The required output is the lines from the one with "Shindigs Sour Cream and Shamrock Crisps" through the end of the data, repeated verbatim, with no pictures included.

*Dataset extract*:

-.-.-

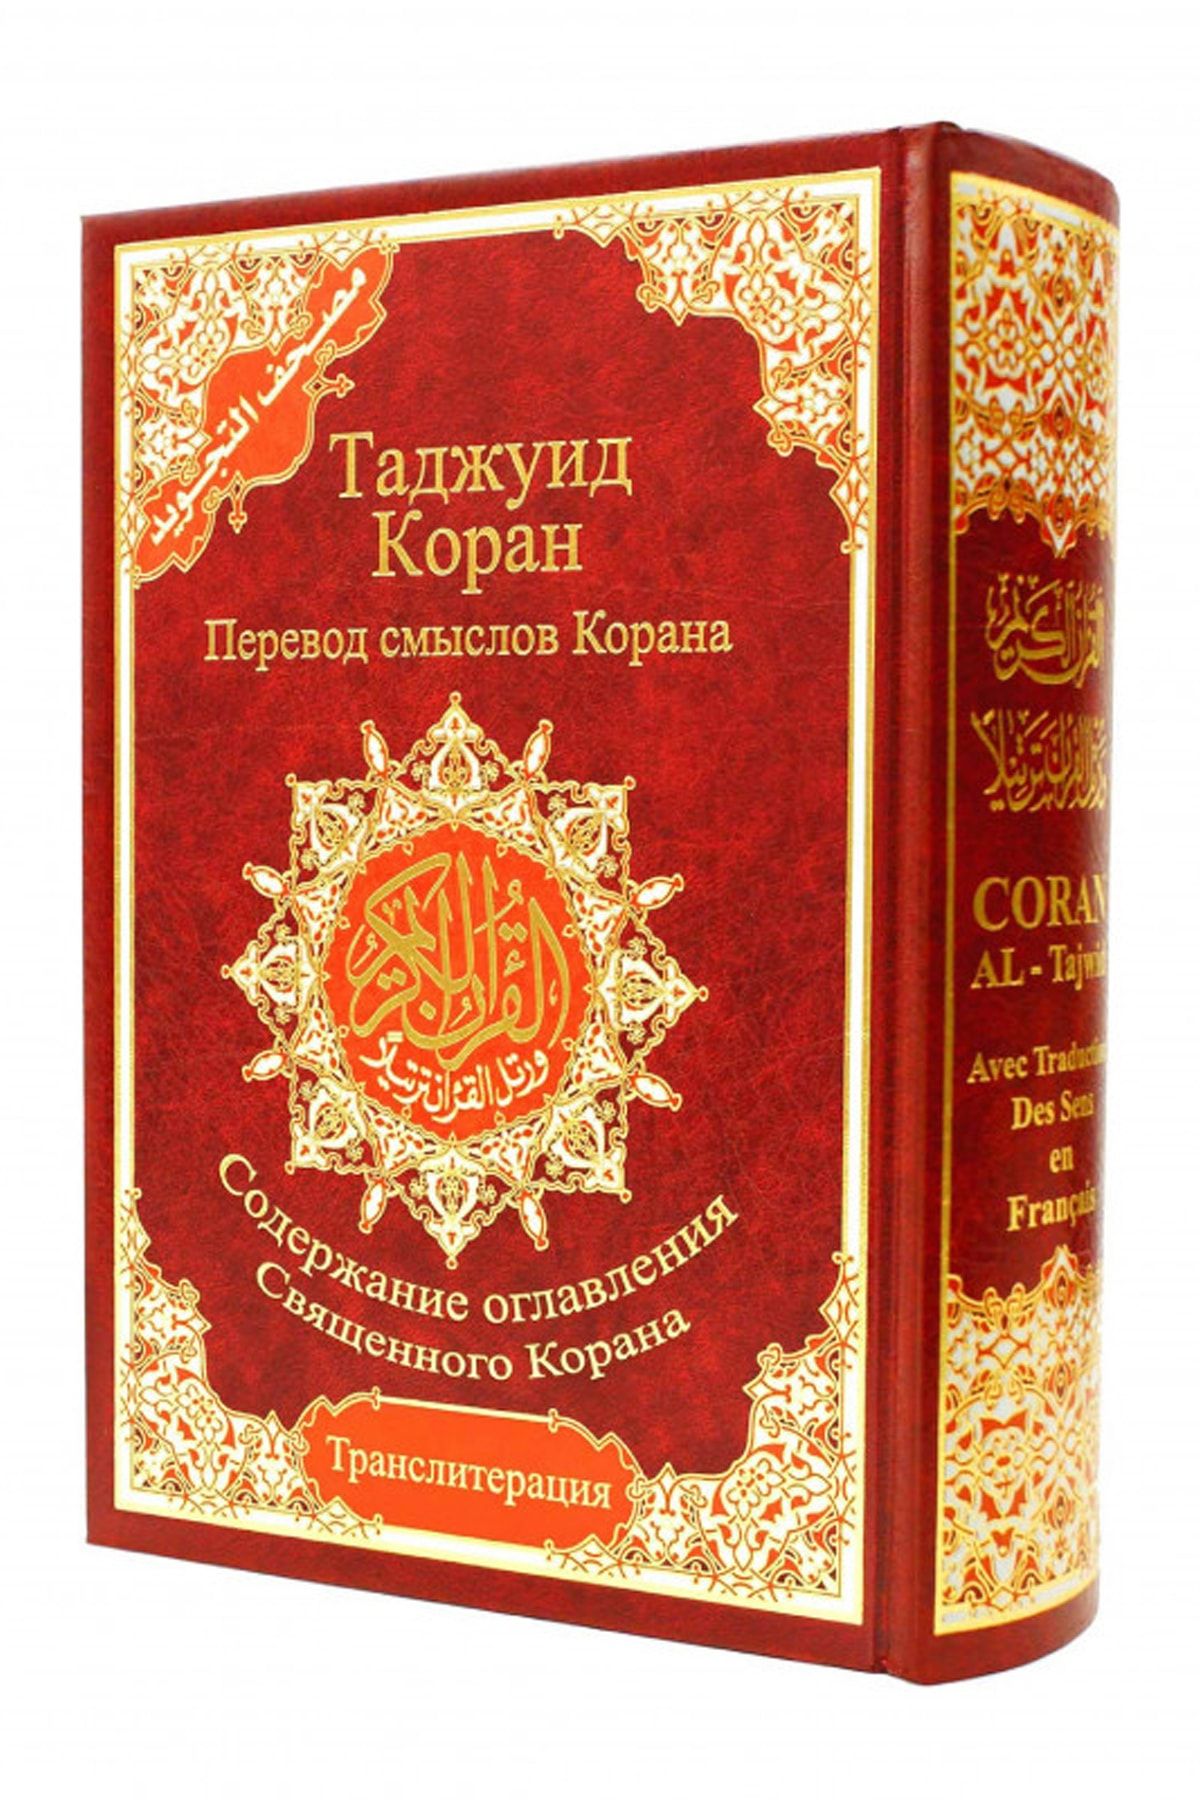 Слушать корана на арабский на русский. Коран. Книга "Коран". Книга Коран на русском языке. Коран книга на арабском.
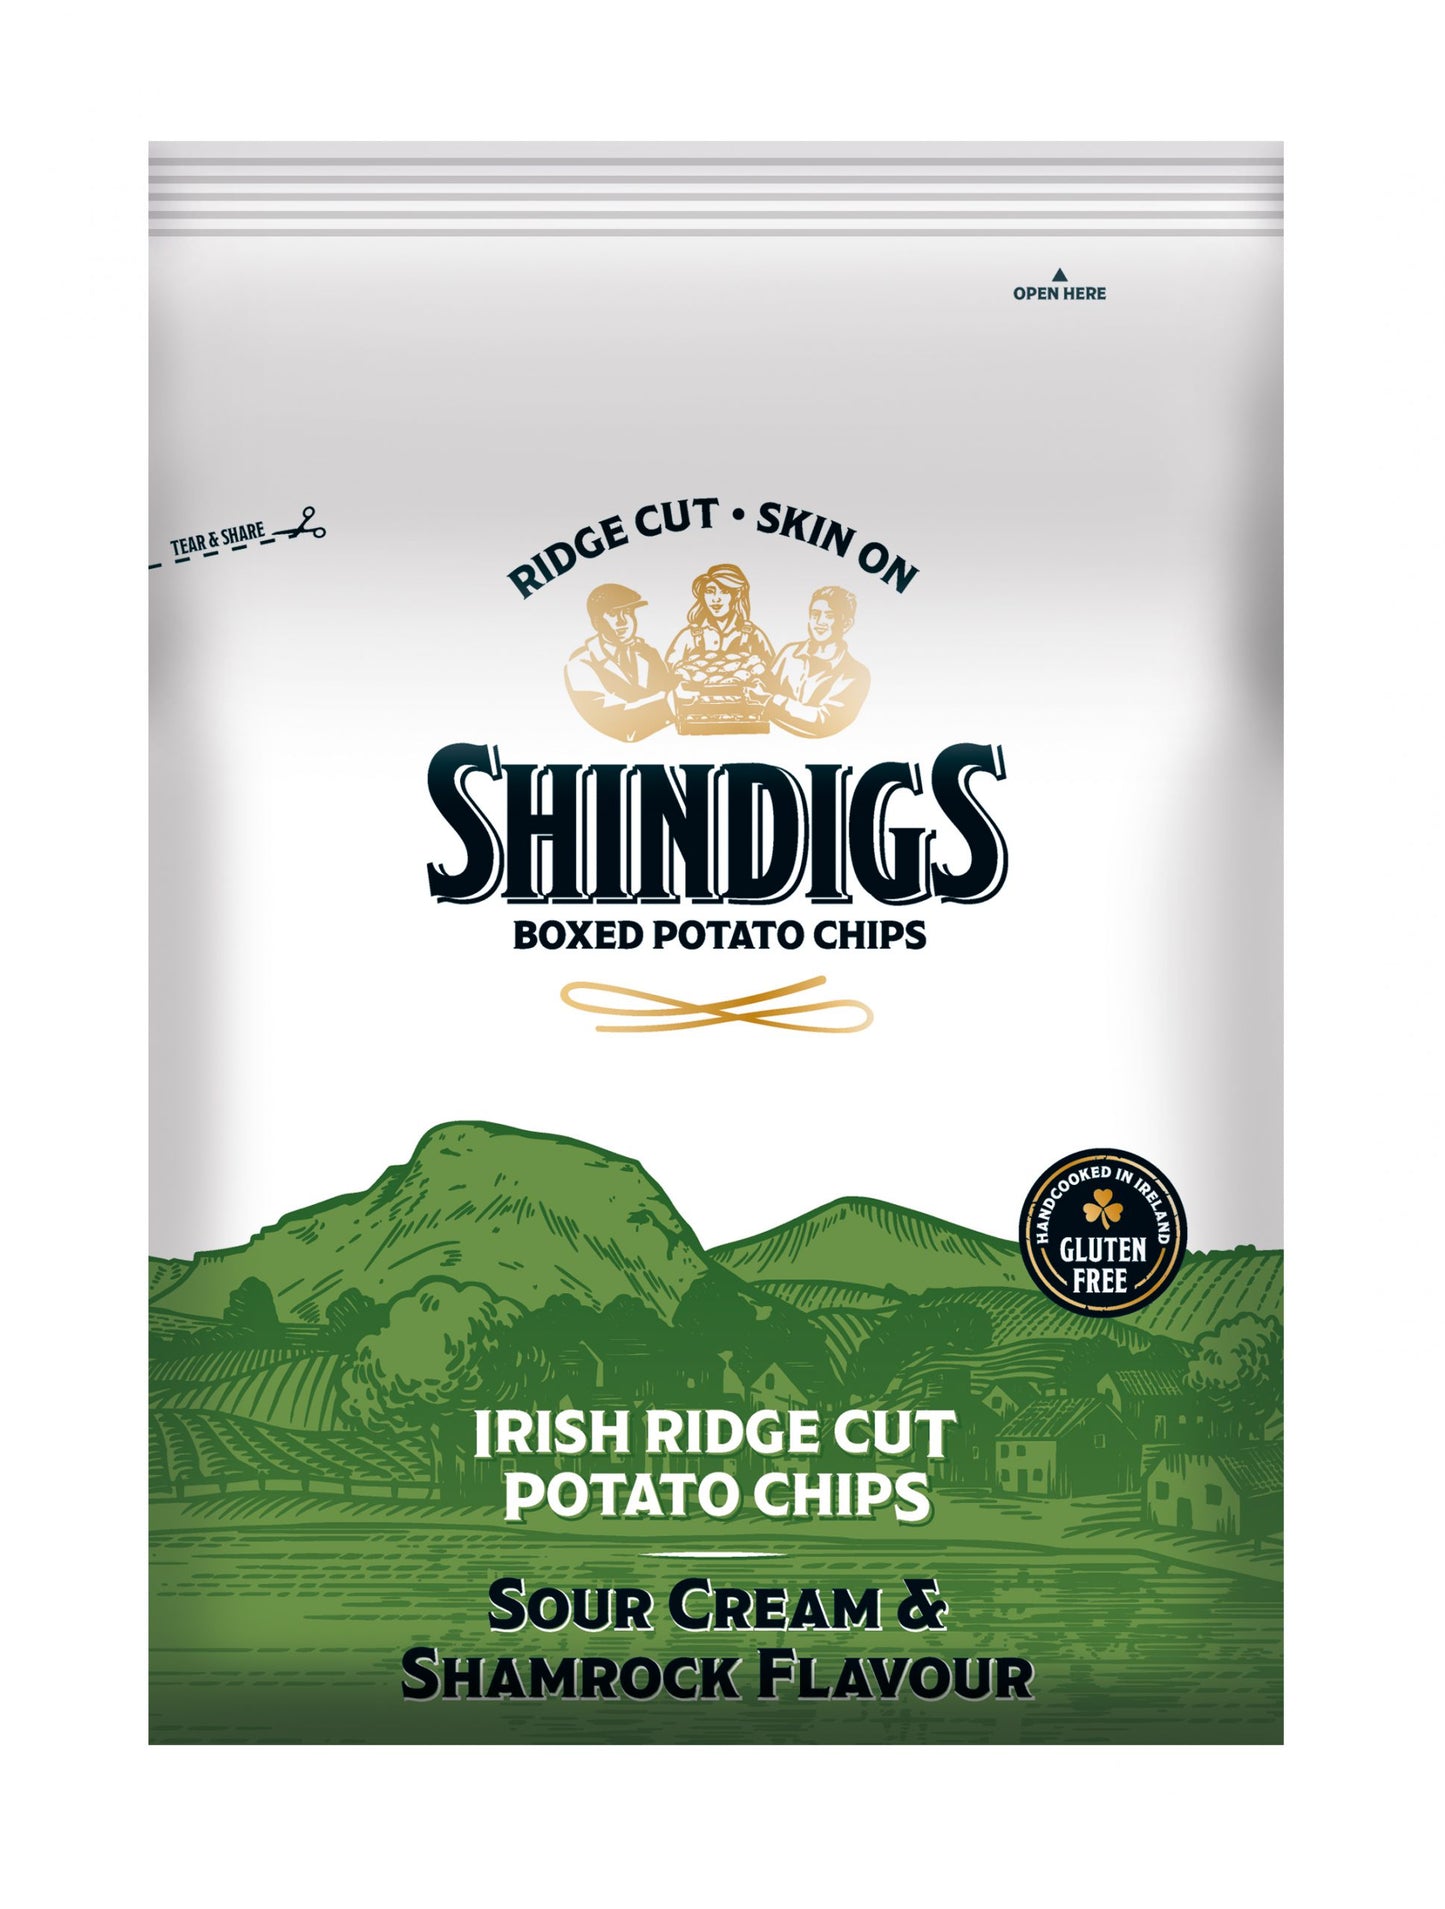 Shindigs Sour Cream and Shamrock Crisps
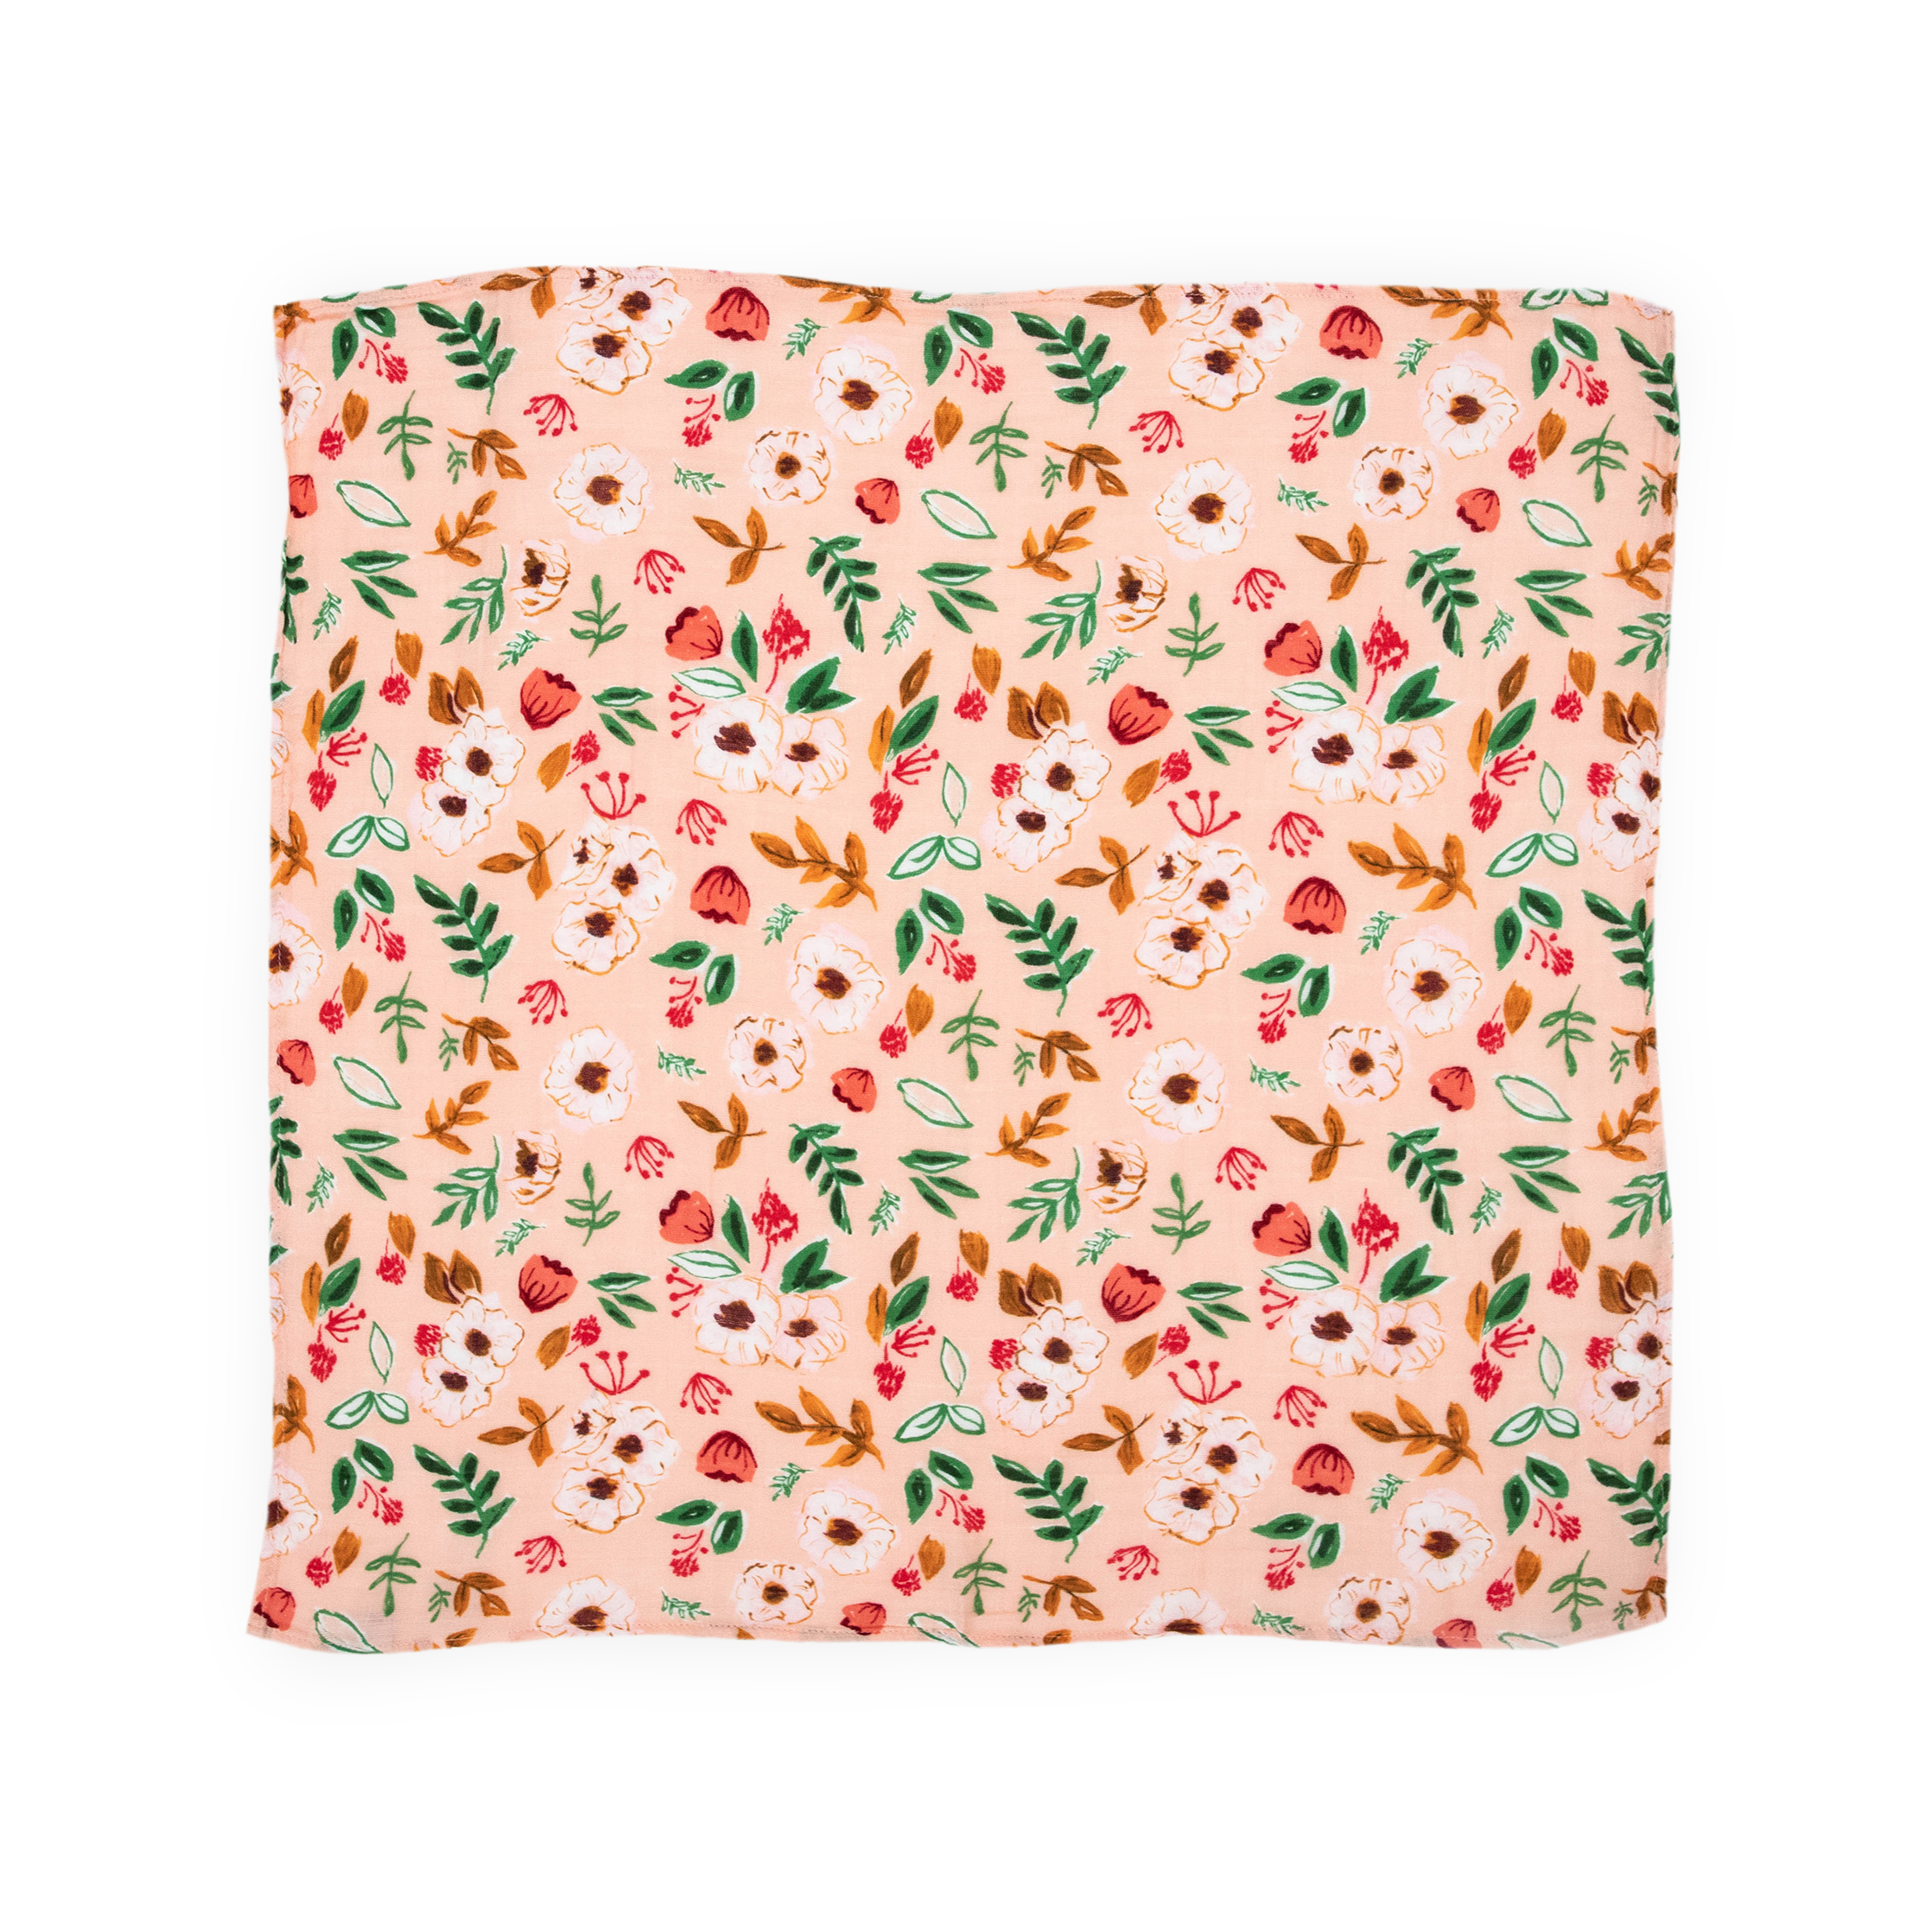 Cotton Muslin Squares 4 Pack - Vintage Floral

-.-.-

*Task result*:
 Shindigs Sour Cream and Shamrock Crisps
 Cotton Muslin Squares 4 Pack - Vintage Floral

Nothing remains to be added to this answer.